由于添加扫描过滤器导致可见行发生如此巨大的变化，我们期望

我们的MapReduce作业具有一个映射器：

public static class RowCountMapper extends TableMapper< ImmutableBytesWritable，Put> { public String crawlIdentifier; //计数器私有静态枚举CountRows { ROWS_WITH_MATCHED_CRAWL_IDENTIFIER } @Override public void setup（Context context ）{ Configuration configuration = context.getConfiguration（）; crawlIdentifier = configuration.get（ConfigPropertyLib.CRAWL_IDENTIFIER_PROPERTY）; $ b @Override public void map（ImmutableBytesWritable legacykey，Result row，Context context）{ String rowIdentifier = HBaseSchema.getValueFromRow（row， HBaseSchema.CRAWL_IDENTIFIER_COLUMN）; if（StringUtils.equals（crawlIdentifier，rowIdentifier））{ context.getCounter（CountRows.ROWS_WITH_MATCHED_CRAWL_IDENTIFIER）.increment（1l）; $ p $过滤器设置就像这样：
字符串crawlIdentifier =配置.get（ConfigPropertyLib.CRAWL_IDENTIFIER_PROPERTY）; if（StringUtils.isBlank（crawlIdentifier））{ throw new IllegalArgumentException（Crawl Identifier not set。）; $ b $ //建立一个HBase扫描器扫描扫描=新扫描（）; SingleColumnValueFilter filter = new SingleColumnValueFilter（HBaseSchema.CRAWL_IDENTIFIER_COLUMN.getFamily（）， HBaseSchema.CRAWL_IDENTIFIER_COLUMN.getQualifier（）， CompareOp.EQUAL， Bytes.toBytes（crawlIdentifier））; filter.setFilterIfMissing（true）; scan.setFilter（filter）;
我们使用了错误的过滤器，还是配置错了？ b
编辑：我们正在按照 issues.apache/jira/browse/HBASE-2198 ，但我很确定扫描包括所有的家庭默认情况下。
解决方案
过滤器看起来是正确的，但是在某些情况下，可能会导致这种情况与字符编码有关。您的过滤器正在使用使用UTF8 [1]的Bytes.toBytes（String），而您可能在HBaseSchema中使用本地字符编码，或者如果您使用String.getBytes（）[2 ]。检查crawlIdentifier最初写入HBase使用以下，以确保过滤器比较像过滤扫描。
Bytes.toBytes（crawlIdentifier）
[1] hbase.apache/apidocs/org/apache/hadoop /hbase/util/Bytes.html#toBytes(java.lang.String ） [2] docs.oracle/javase/1.4.2/docs/api/java/lang/String.html#getBytes （）

In our HBase table, each row has a column called crawl identifier. Using a MapReduce job, we only want to process at any one time rows from a given crawl. In order to run the job more efficiently we gave our scan object a filter that (we hoped) would remove all rows except those with the given crawl identifier. However, we quickly discovered that our jobs were not processing the correct number of rows.

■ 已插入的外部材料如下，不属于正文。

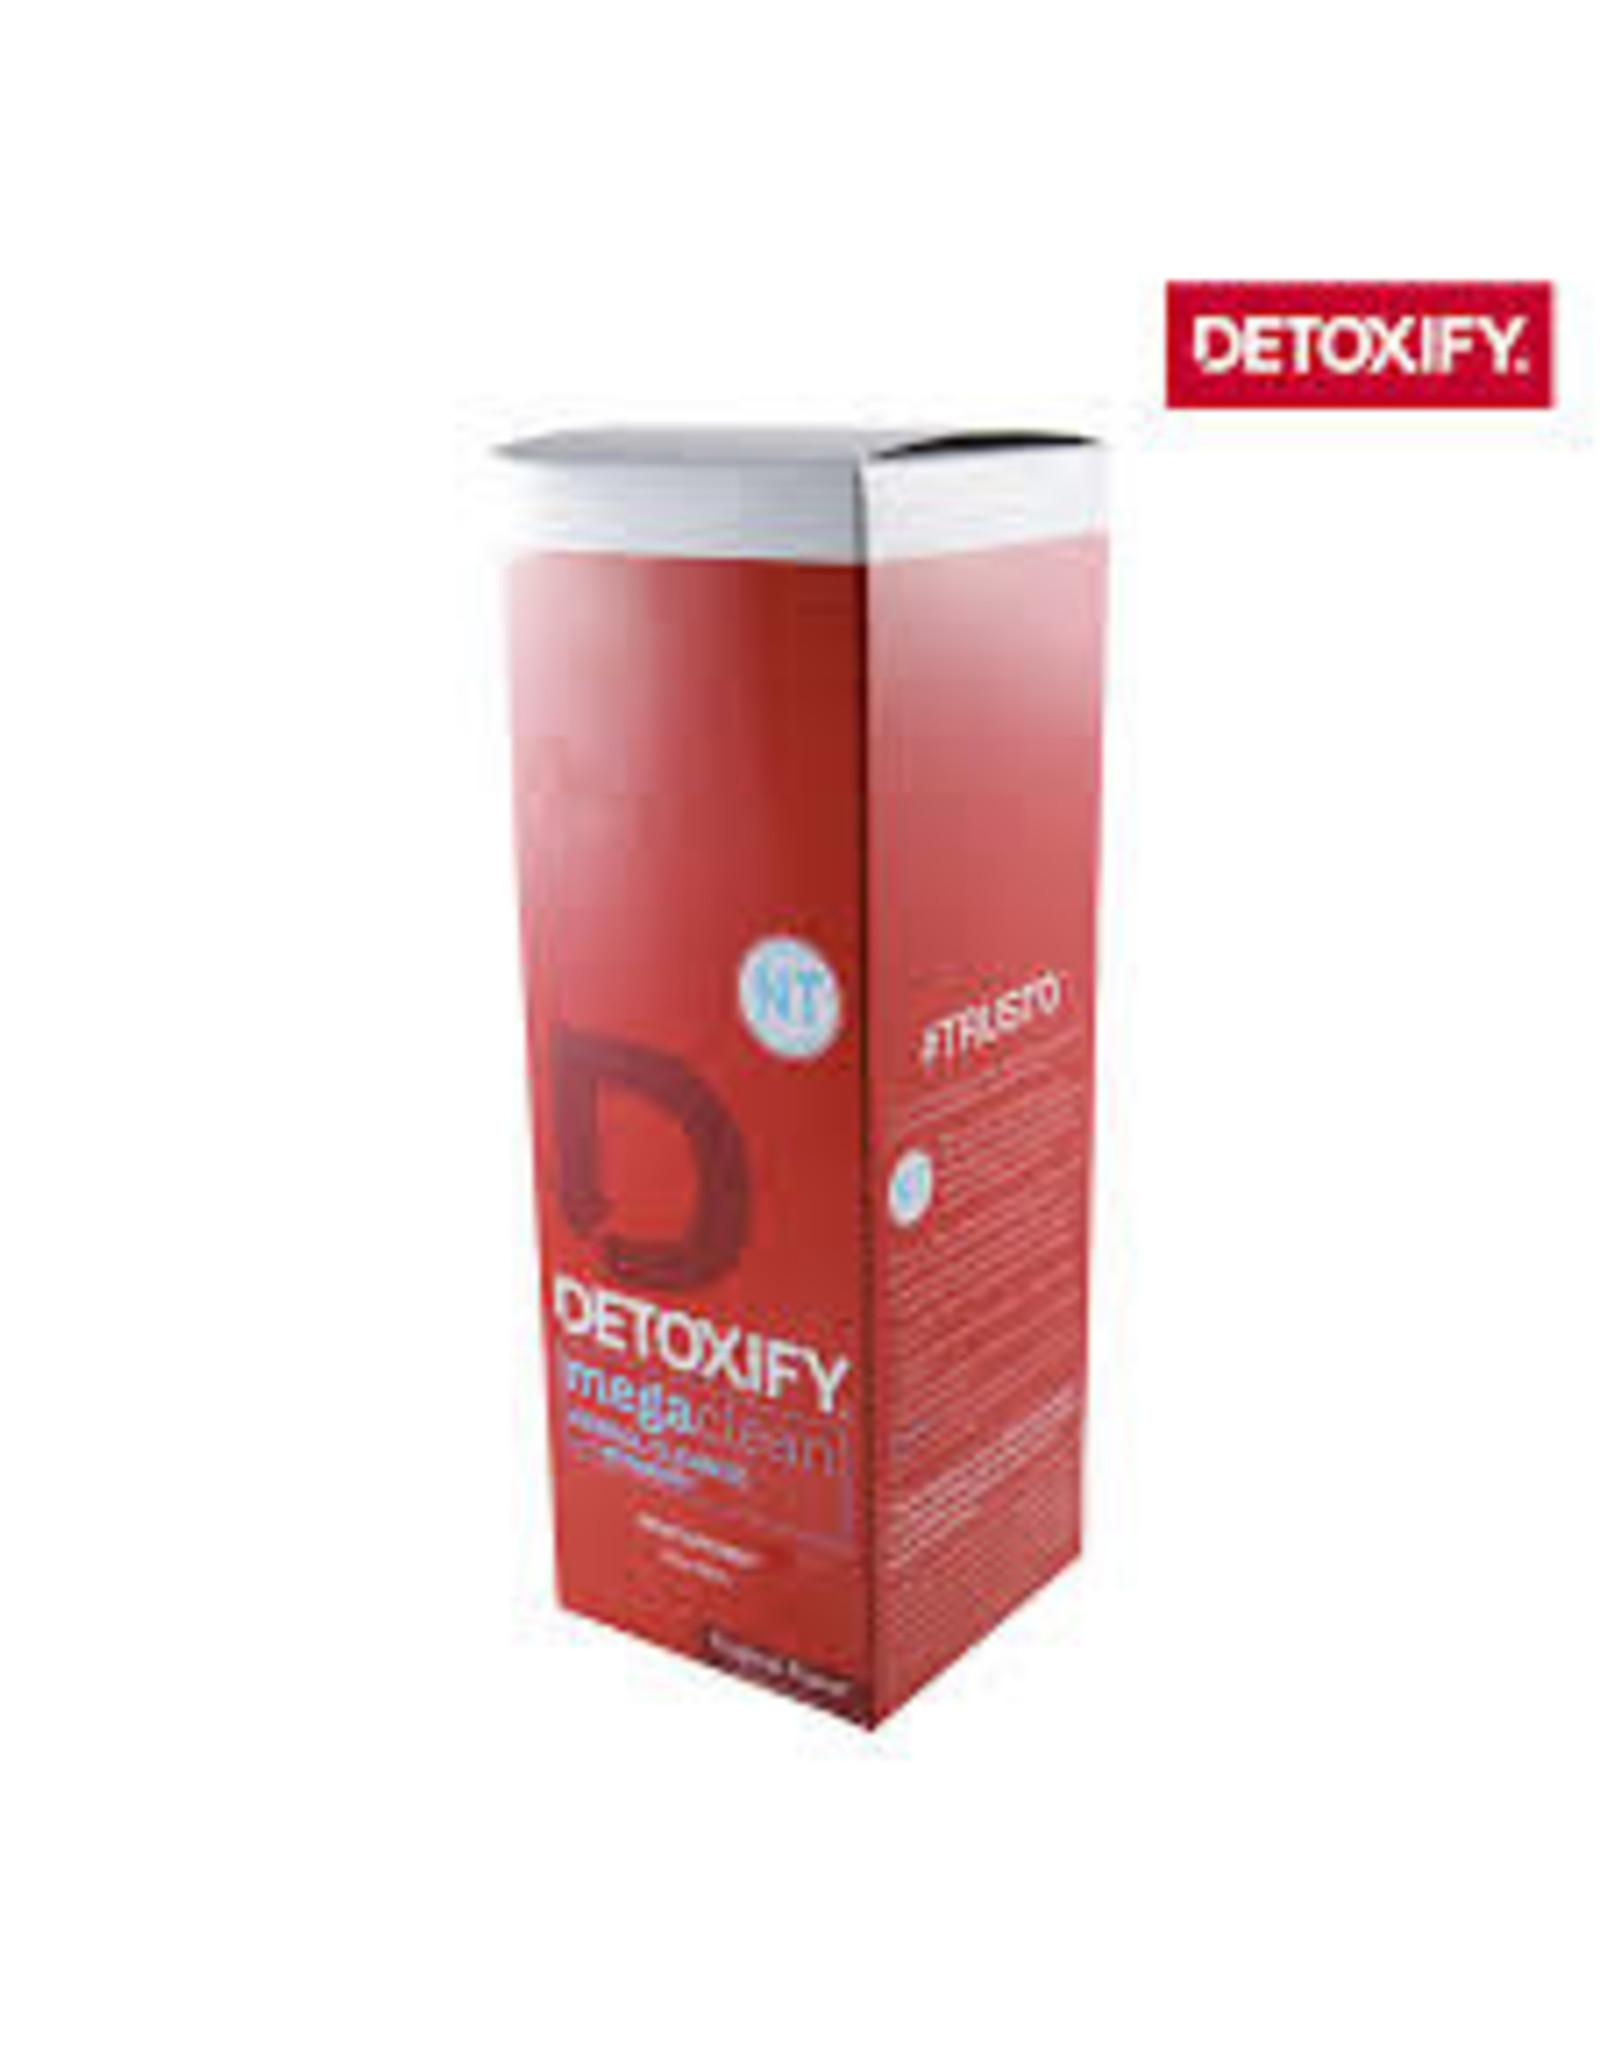 DETOXIFY DETOXIFY MEGA CLEAN With boost NT  – TROPICAL 32oz

I wrote a test mapper to simply count the number of rows with the correct crawl identifier, without any filters. It iterated over all the rows in the table and counted the correct, expected number of rows (~15000). When we took that same job, added a filter to the scan object, the count dropped to ~3000. There was no manipulation of the table itself during or in between these two jobs.

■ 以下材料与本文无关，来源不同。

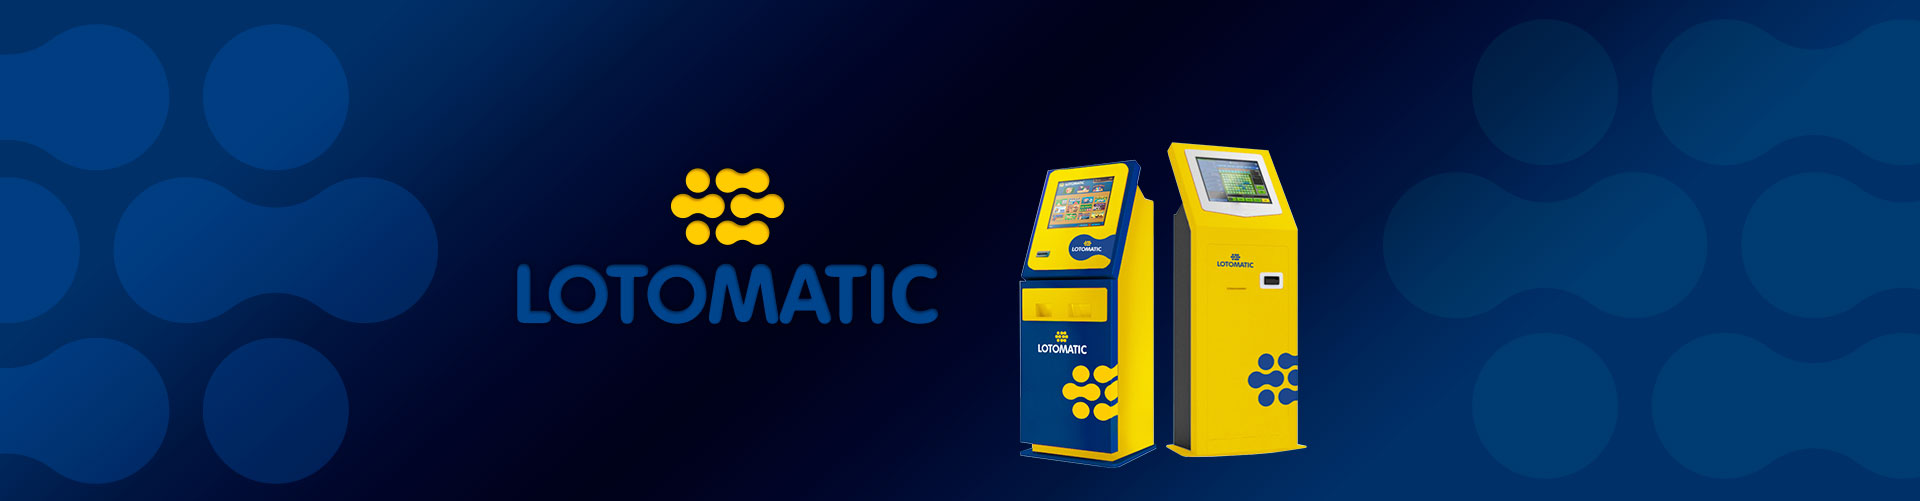 Lotomatic Лотоматик Терминал

Since adding the scan filter caused the visible rows to change so dramatically, we expect that we simply built the filter incorrectly.

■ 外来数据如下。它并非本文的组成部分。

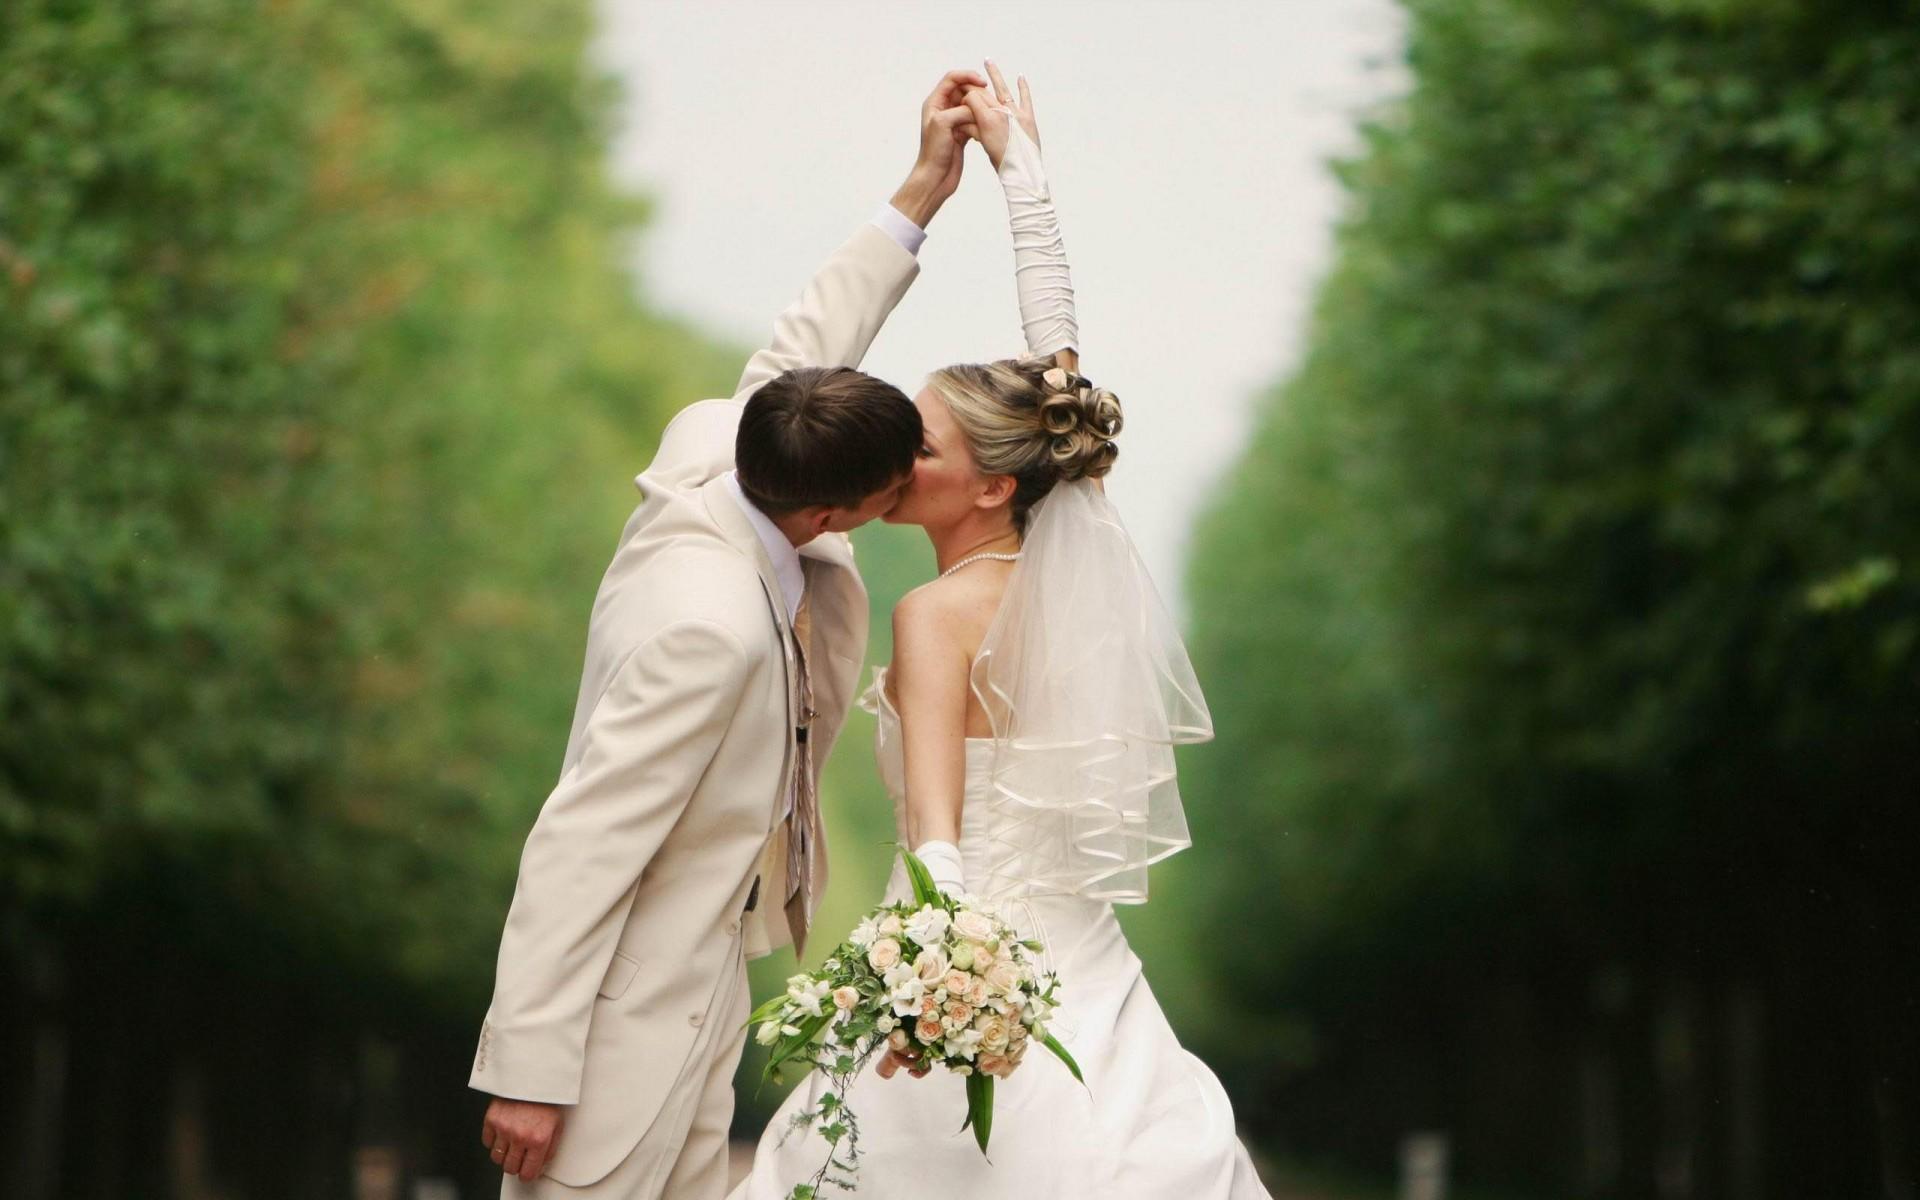 Wedding kiss wallpaper download cool hd wallpapers here junglespirit Gallery

Our MapReduce job features a single mapper:
public static class RowCountMapper extends TableMapper<ImmutableBytesWritable, Put>{ public String crawlIdentifier; // counters private static enum CountRows { ROWS_WITH_MATCHED_CRAWL_IDENTIFIER } @Override public void setup(Context context){ Configuration configuration=context.getConfiguration(); crawlIdentifier=configuration.get(ConfigPropertyLib.CRAWL_IDENTIFIER_PROPERTY); } @Override public void map(ImmutableBytesWritable legacykey, Result row, Context context){ String rowIdentifier=HBaseSchema.getValueFromRow(row, HBaseSchema.CRAWL_IDENTIFIER_COLUMN); if (StringUtils.equals(crawlIdentifier, rowIdentifier)){ context.getCounter(CountRows.ROWS_WITH_MATCHED_CRAWL_IDENTIFIER).increment(1l); } } }
The filter setup is like this:
String crawlIdentifier=configuration.get(ConfigPropertyLib.CRAWL_IDENTIFIER_PROPERTY); if (StringUtils.isBlank(crawlIdentifier)){ throw new IllegalArgumentException("Crawl Identifier not set."); } // build an HBase scanner Scan scan=new Scan(); SingleColumnValueFilter filter=new SingleColumnValueFilter(HBaseSchema.CRAWL_IDENTIFIER_COLUMN.getFamily(), HBaseSchema.CRAWL_IDENTIFIER_COLUMN.getQualifier(), CompareOp.EQUAL, Bytes.toBytes(crawlIdentifier)); filter.setFilterIfMissing(true); scan.setFilter(filter);
Are we using the wrong filter, or have we configured it wrong?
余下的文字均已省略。